COMPANIES (CORPORATIONS)
A public company can have an unlimited number of shareholders. Its shares are available to the public and are quoted on the stock exchange. Shareholders benefit from limited liability which means that after they have paid for their shares they are not responsible for the company's debts. {6}
ALLOCATING PROFITS
Some of the profits are paid out to shareholders as dividends and some are retained in the company by allocating them to reserves.
The value of a company's shares depends on its assets and its prospects. If you own 5 per cent of the company's share capital then 5 per cent of its assets belong to you. Any change in the company's assets is reflected in the value of its shares. When profits are retained by a company then this increases its assets which in turn increases the value of each share. An increase in the value of a share is called a capital gain.
So shareholders benefit from profits paid out as dividends and also from capital gains. Dividends are received each year and capital gain is realised when the shares are sold. <1>
OWNERSHIP
Ownership is the right to possess something and to decide what is to be done with it. If I own something it belongs to me and I decide what is to be done with it. An example would be owning a house.
Possession is having something in one's custody as distinct from owning it. If I possess something it belongs to another but I can decide how to use it. An example would be renting a house.

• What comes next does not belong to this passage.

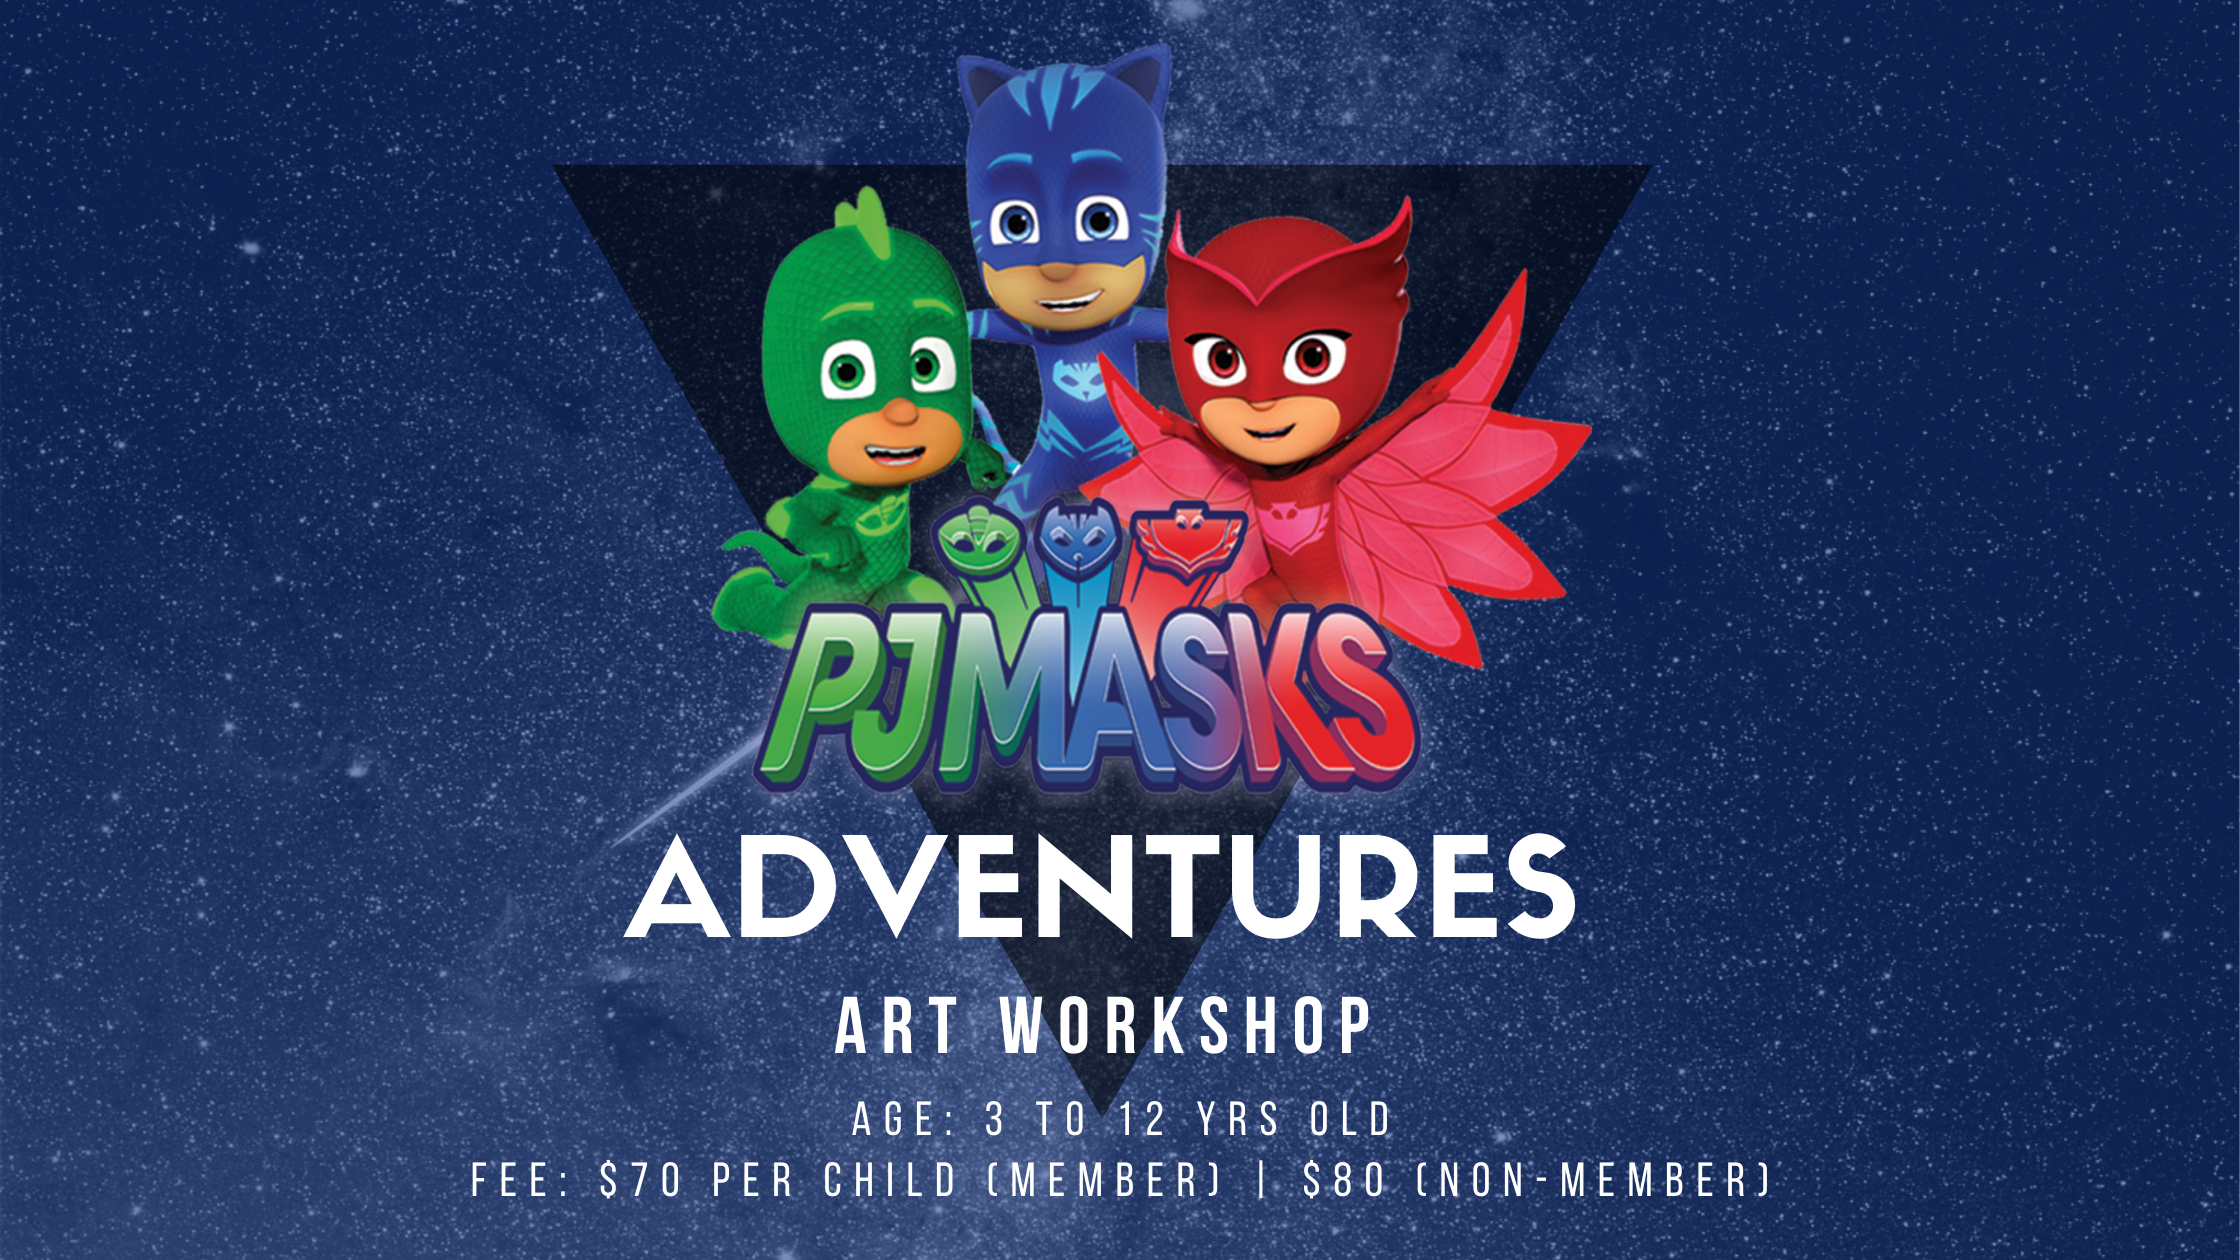 PJMASKS Adventures Art Workshop

OWNERSHIP AND CONTROL BY MAJORITY SHAREHOLDER(S)
Shareholders can elect a board of directors, usually based on one vote per share. A shareholder who owns a majority of a company's voting shares has a controlling interest. His vote decides who, apart from himself or his representative, is appointed to the board of directors and so determines the policy of the business. This applies also when a few shareholders together own the majority.
Hence other shareholders usually have little say or interest in deciding policy or in the running of the company. What is left for them to decide is whether to sell the shares they hold or whether to buy more.

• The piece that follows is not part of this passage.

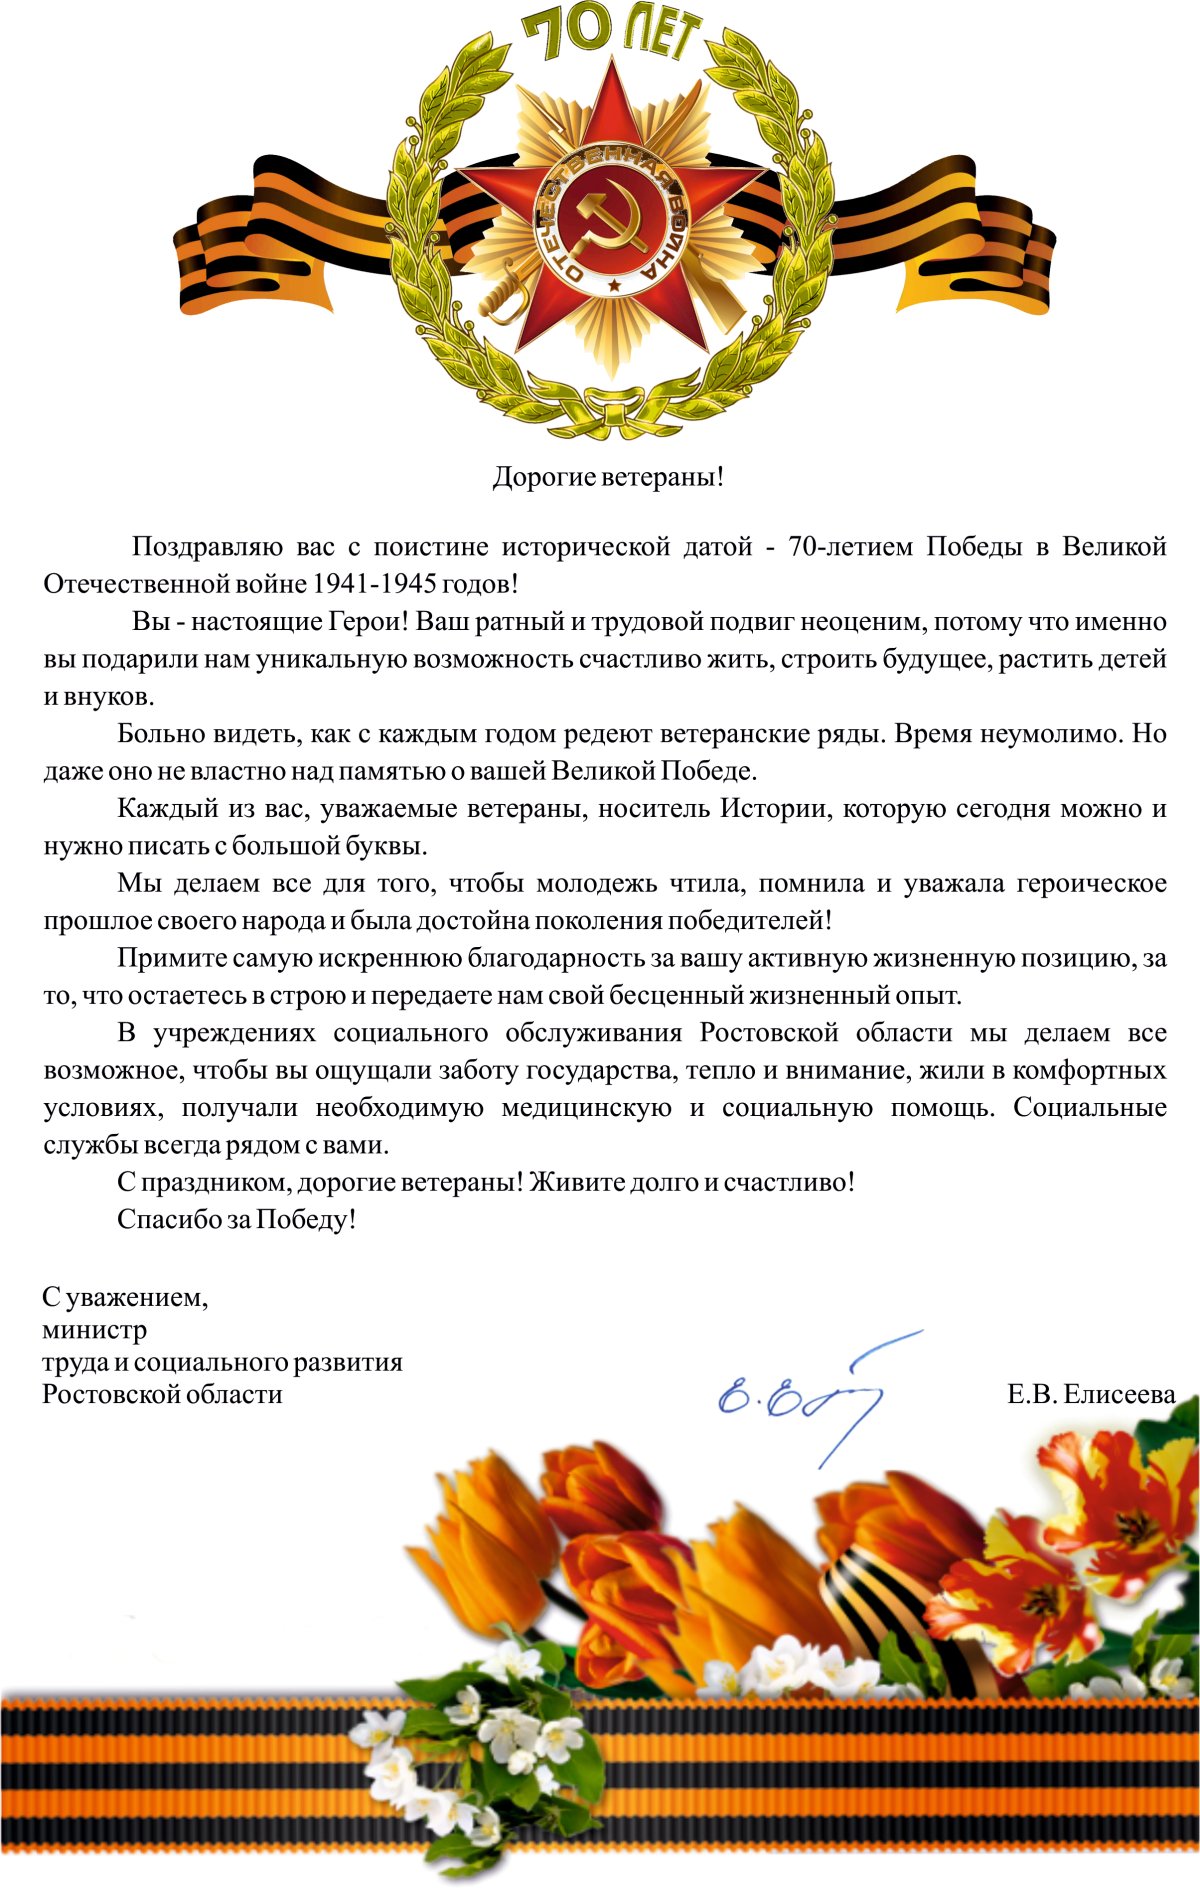 Поздравление с Днем ветерана МВД России - Официальный сайт Юрлинского муниципального округа

So the majority shareholder has in effect taken possession of the ownership rights of the other shareholders and can use the company's assets for his own ends.
MAXIMISING PROFITS
Shareholders would like profits to be maximised in the short term (dividends) and long term (capital gain and security). And directors take such decisions on behalf of the controlling shareholders and decide how to divide profits between dividends and reserves (capital gain).
In practice directors are generally required by man-made laws to act first and foremost in the interests of the owners, so that it is profit which is maximised. Short-term and long-term profits can be and are being maximised regardless of the cost to others, that is regardless of the cost to the community. {2}
Profits can be increased by reducing labour costs, for example. Those wishing to increase profits regardless of the cost to others, will thus aim to reduce the standard of living of the working population, will aim to increase the needs of the working population so that people will work for less. {2-3, 5}
DECISION-TAKING: COMPANY, DIRECTORS, EMPLOYEES
A company (Co. Ltd, PLC, corporation) {6} is apparently a legal fiction. In law it is an entity which can be sued in a court, or sue others, for matters such as money owed or breach of contract. Although a company does not take decisions it can be held responsible and can be held to account for decisions taken by individuals. To that extent it serves as a cover for those who take the decisions.
Note that a 'company' cannot act. It is individuals who act, who are responsible and so accountable for the policies they decide on or omit to decide on, for the decisions they take or omit to take, for what they do or omit to do, and for the resulting consequences.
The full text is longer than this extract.